Клуб маньяков - Руслан Белов
Шрифт:
Интервал:
Закладка:
Туалет нашелся в одном из помещений, примыкавших к первой комнате анфилады.
Выходя из него, я чувствовал себя на седьмом небе. А когда я чувствую себя на седьмом небе, мне хочется закурить. Сигареты у меня были. А старенький продавленный диванчик и пепельница под ним нашлись во второй комнате.
Спустя минуту я лежал на диване с сигаретой в зубах. Думать не хотелось. В голове были одни слова и понятия, Они возникали, исчезали, прятались друг за друга, никак не желая соединиться в единую мысль. "Попался"... "Лейла"... "Вера"... "Похожи"... "Опять взялась за старое"... "Как ловко"... "На лету схватила"... "Да, это она".
Выкурив одну за другой несколько сигарет, я пришел в довольно устойчивое расположение духа, и принялся изучать двери, пол, стены и потолок своей западни на предмет их крепости.
Результаты изучения и последующие выводы оказались неудовлетворительными.

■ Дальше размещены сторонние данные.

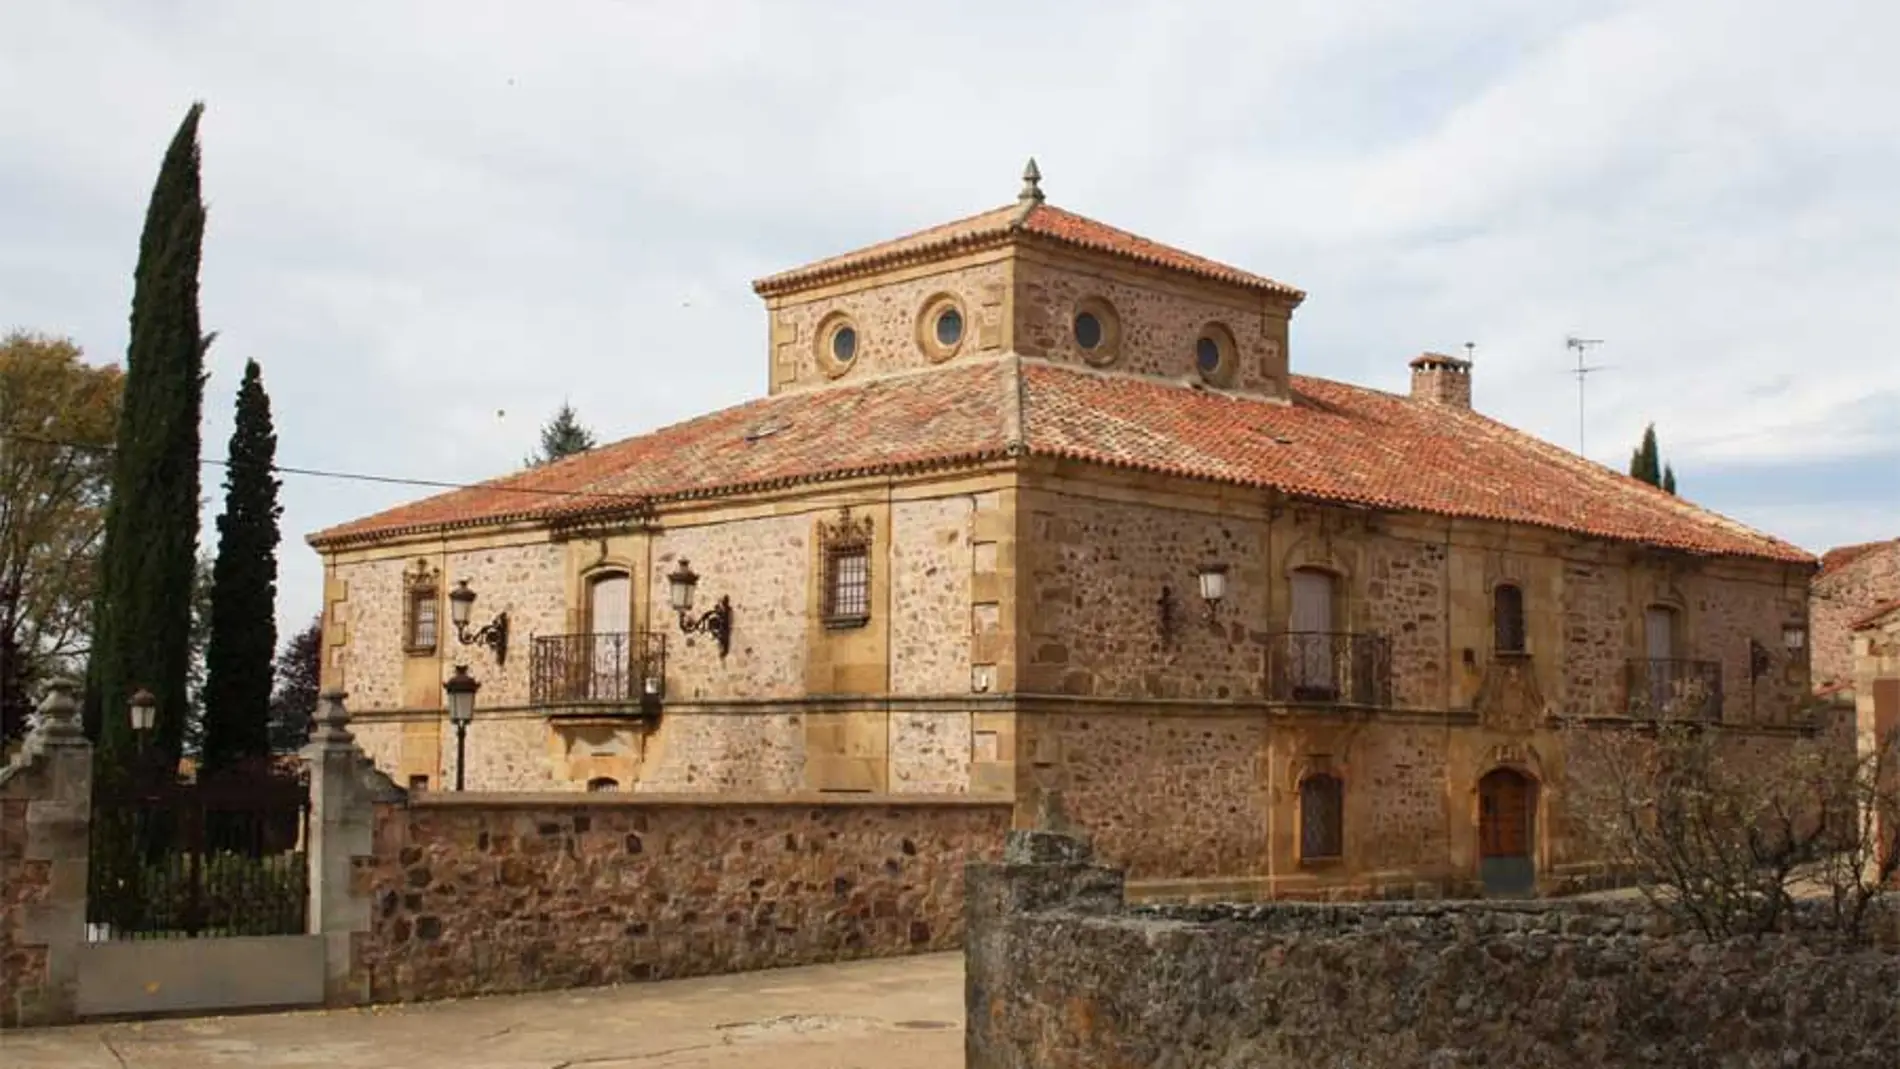 Casa Media Naranja, en el municipio soriano de Narros, considerada Bien de Interés Cultural
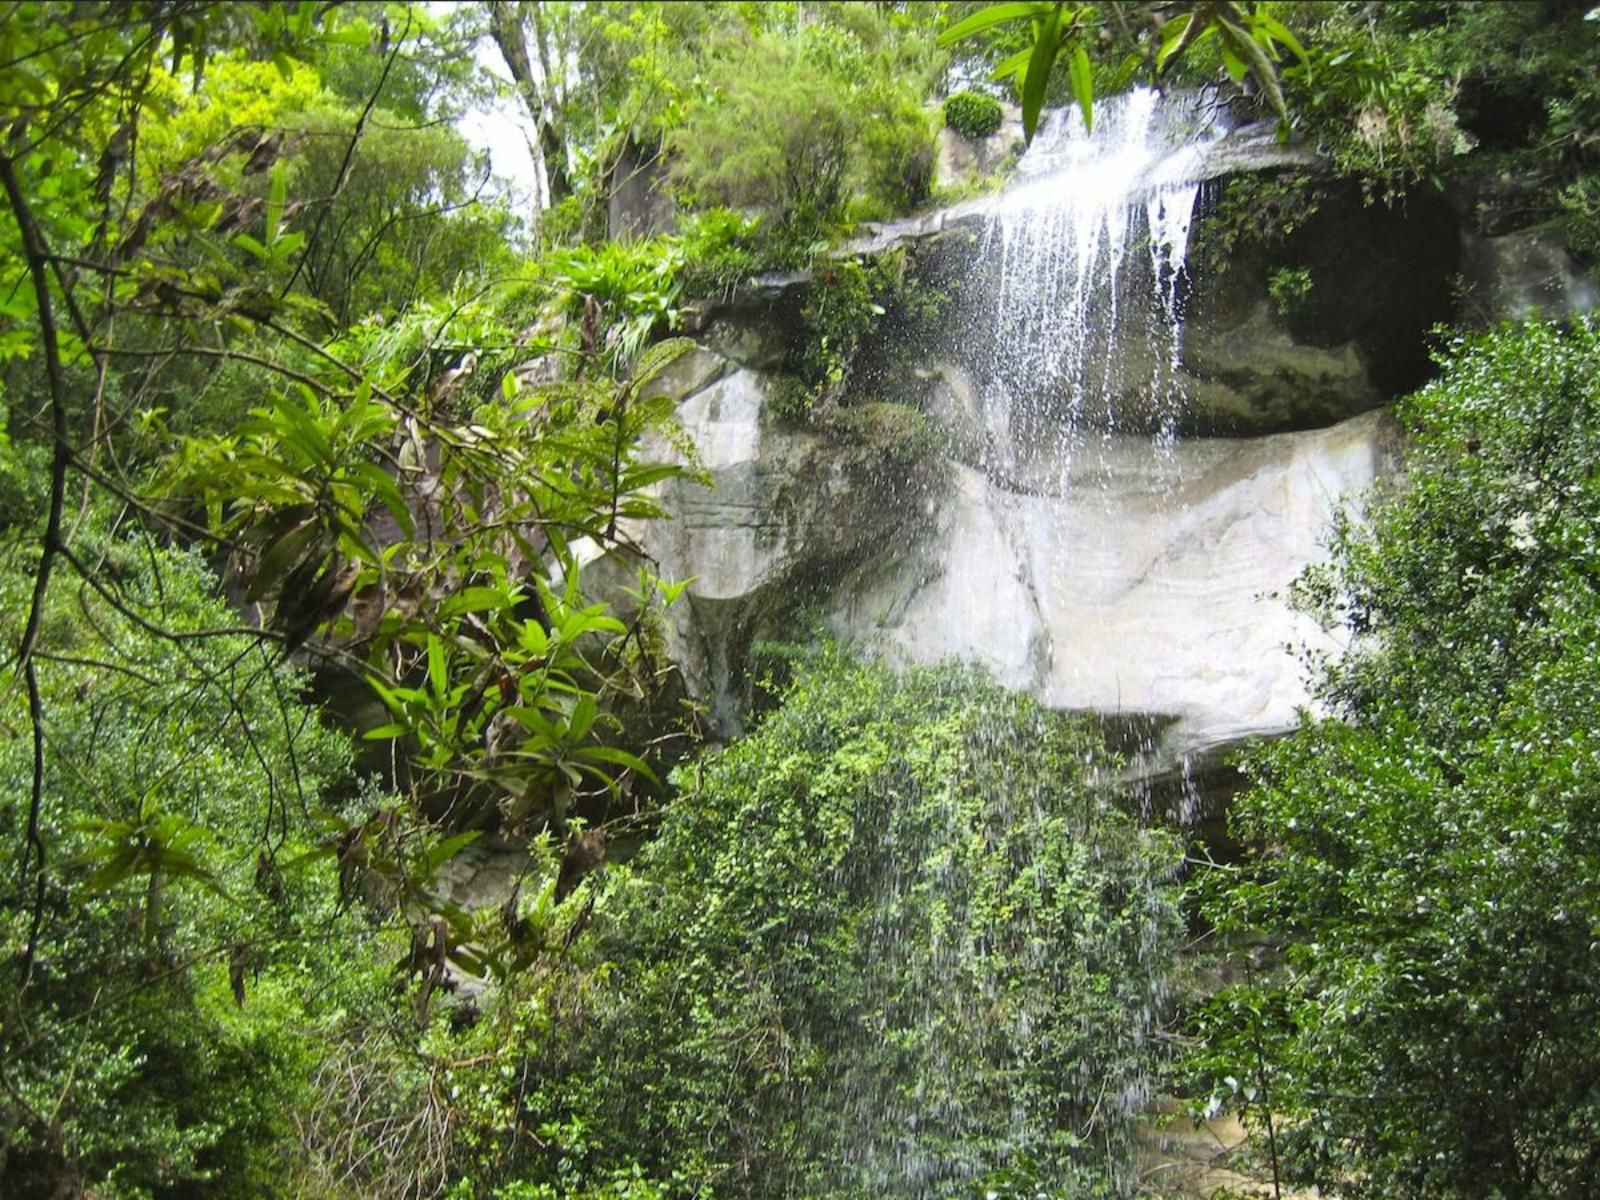 Ikhayalamafu Mountain Reserve Champagne Valley Kwazulu Natal South Africa Forest, Nature, Plant, Tree, Wood, Waterfall, Waters

Двери были металлическими, аккурат под противотанковую гранату, которой у меня не было. На проделывание дыры в многослойных полах и потолках с помощью гвоздя потребовалось бы не менее двух суток. Устраивать пожар для привлечения внимания было глупо и равносильно самоубийству.
"Что же делать? - задумался я.
И решил стучать в пол. Должен же кто-нибудь услышать?
Услышали. Минут через пятнадцать, когда я уже замучился ронять диванчик на пол, в двери заскрежетал ключ, она открылась, и я увидел... Харона. Безбородого Харона с распростертыми руками, Харона дружески улыбающегося, Харона в дорогом костюме-тройке и дорогом галстуке, Харона с двумя плотными ребятами за спиной.
- Здравствуй, дорогой! - воскликнул он, дождавшись, пока моя челюсть опустится до предела. - Ты не представляешь, как я рад вновь тебя видеть у себя в гостях!
Не ответив на приветствие, я бессильно опустился на диванчик, странным образом выживший, и пролепетал:
- Кто была эта женщина в черном? Вера?
- Как хочешь, дорогой, как хочешь! Но давай будем считать, что это была Лейла. Так же тебе интереснее будет. Кстати, эти черные женские одежды в Средней Азии и Иране называются паранджой, - сказал Харон, опускаясь передо мной на стул, принесенный одним из его сопровождающих.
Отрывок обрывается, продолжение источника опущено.